N.J. Commissioner Reactivates Med Mal Reinsurance Association

September 12, 2003

New Jersey’s Banking and Insurance Commissioner Holly C. Bakke has issued an order to reactivate the state’s long-disused Medical Malpractice Reinsurance Association (MMRA) in order to “assure continued access to health care” by making reinsurance available to the state’s medical malpractice liability carriers.

“Reactivation is a necessary step in the Department’s ongoing efforts to assure the availability of coverage for New Jersey doctors, so they can continue to do what they do best – serve patients,” Bakke stated.

The MMRA was established in 1976 by the legislature to “to assure the availability of medical malpractice coverage by providing medical malpractice insurers with the necessary financial backstop, i.e. reinsurance, they need to expand their writing of coverage in difficult market situations,” said the announcement.

It described the decision to reactivate the Association as the result of a hearing held Aug. 6 to determine whether medical malpractice reinsurance was available in the New Jersey marketplace. “Based on the testimony presented, the Commissioner determined that reinsurance was not ‘readily available’ and that the reactivation of the Association was both a necessary and prudent regulatory measure in order to keep direct coverage available,” the bulletin continued.

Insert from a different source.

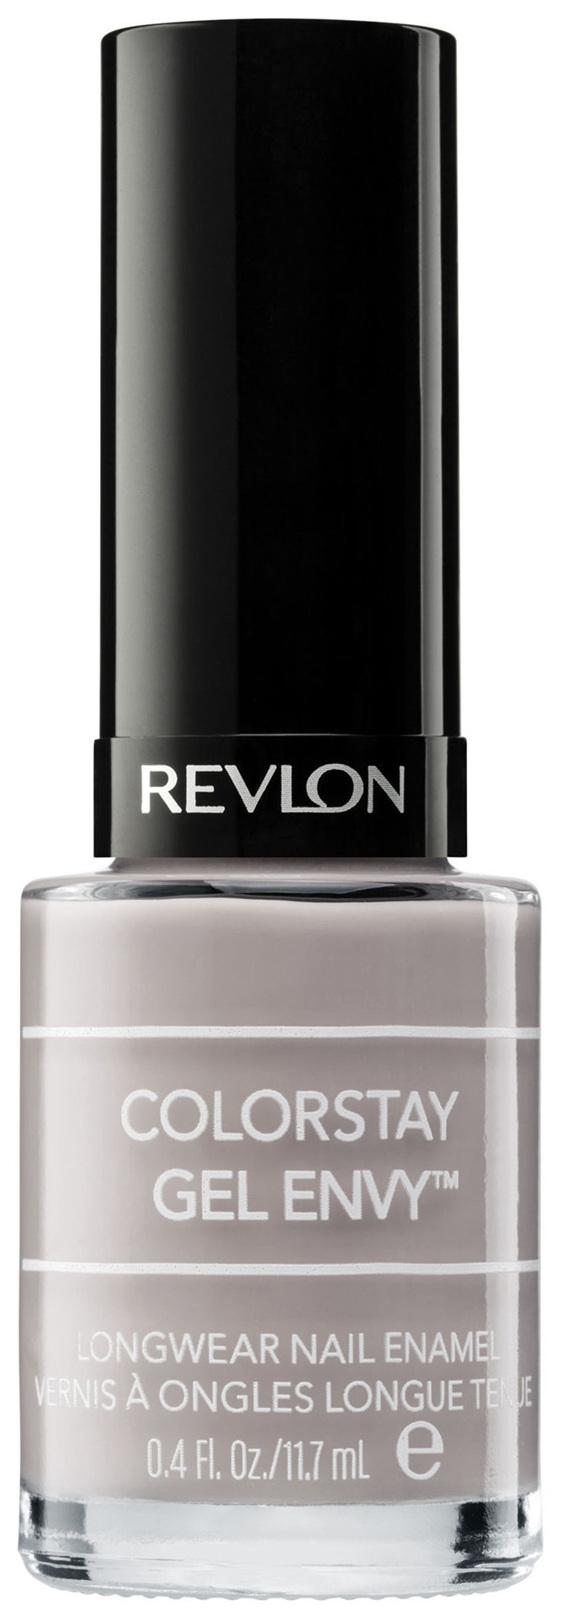 Revlon Colorstay Gel Envy™ Nail Enamel Checkmate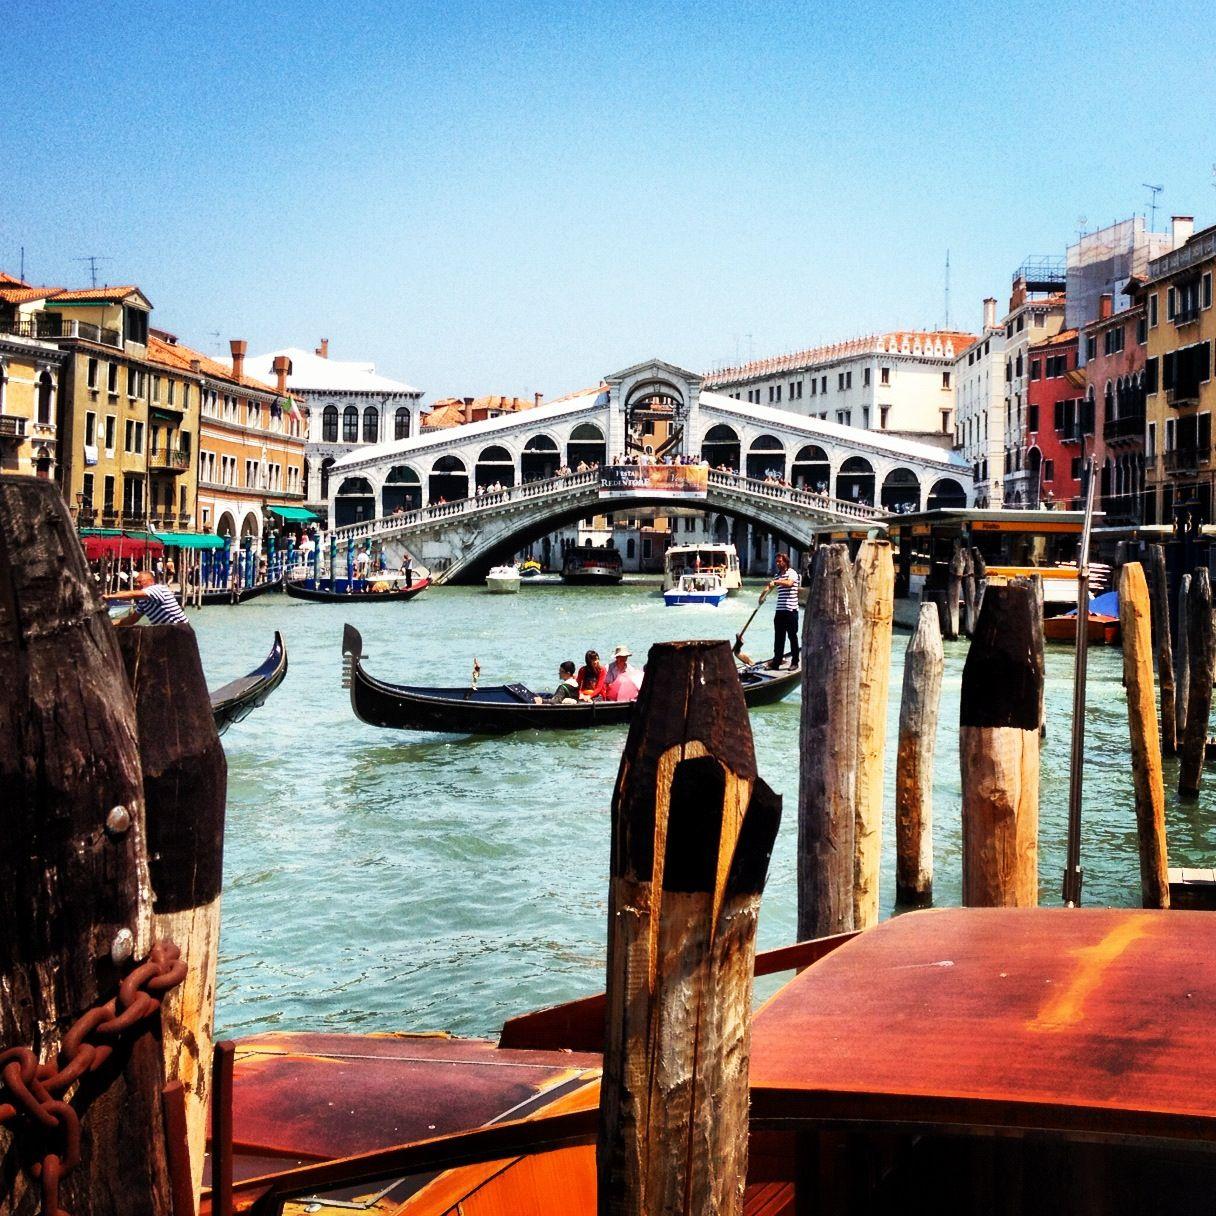 Amazing Places To Go Europe: Travel, Venice, Italy, Places To Go, Europe, Water

Bakke’s Department has been trying to solve New Jersey’s medical malpractice insurance coverage crisis. So far the DOBI has licensed three new companies Conventus, NJPURE, and MIIX Advantage; has put in place a “Marketplace Assistance Program,” designed to help doctors who are having difficulty finding coverage, and has issued “an order to show cause that required insurance carriers to offer doctors options in coverage to provide some premium relief in the short term nationally challenged medical malpractice marketplace.” Reactivating MMRA is another step in assuring continuing med mal coverage.

The Commissioner stressed that the MMRA would be governed by the market. “The reactivation of the Association will be solely for the purpose of providing reinsurance,” she stated. “In my order, I have set forth the cooperative measures the Department and the Association will undertake to ensure that the Association is activated in a responsible and measured manner.”

The directives were summarized as follows:
— The Association must operate within commercial reinsurance standards and at commercially reasonable terms.
— The Department will approve all terms and conditions of reinsurance agreements to verify that rates and terms are commercially reasonable.
— Reinsurance contracts will be issued for a maximum of a one-year period and will be subject to Department approval.
— To avoid any conflicts of interest, company representatives sitting on the board of the Association cannot vote on issues where that company is affected.

According to a report from the Star-Ledger the MMRA already has between $3 and $4 million, and intends to be self-supporting from the payments it receives in exchange for reinsurance coverage.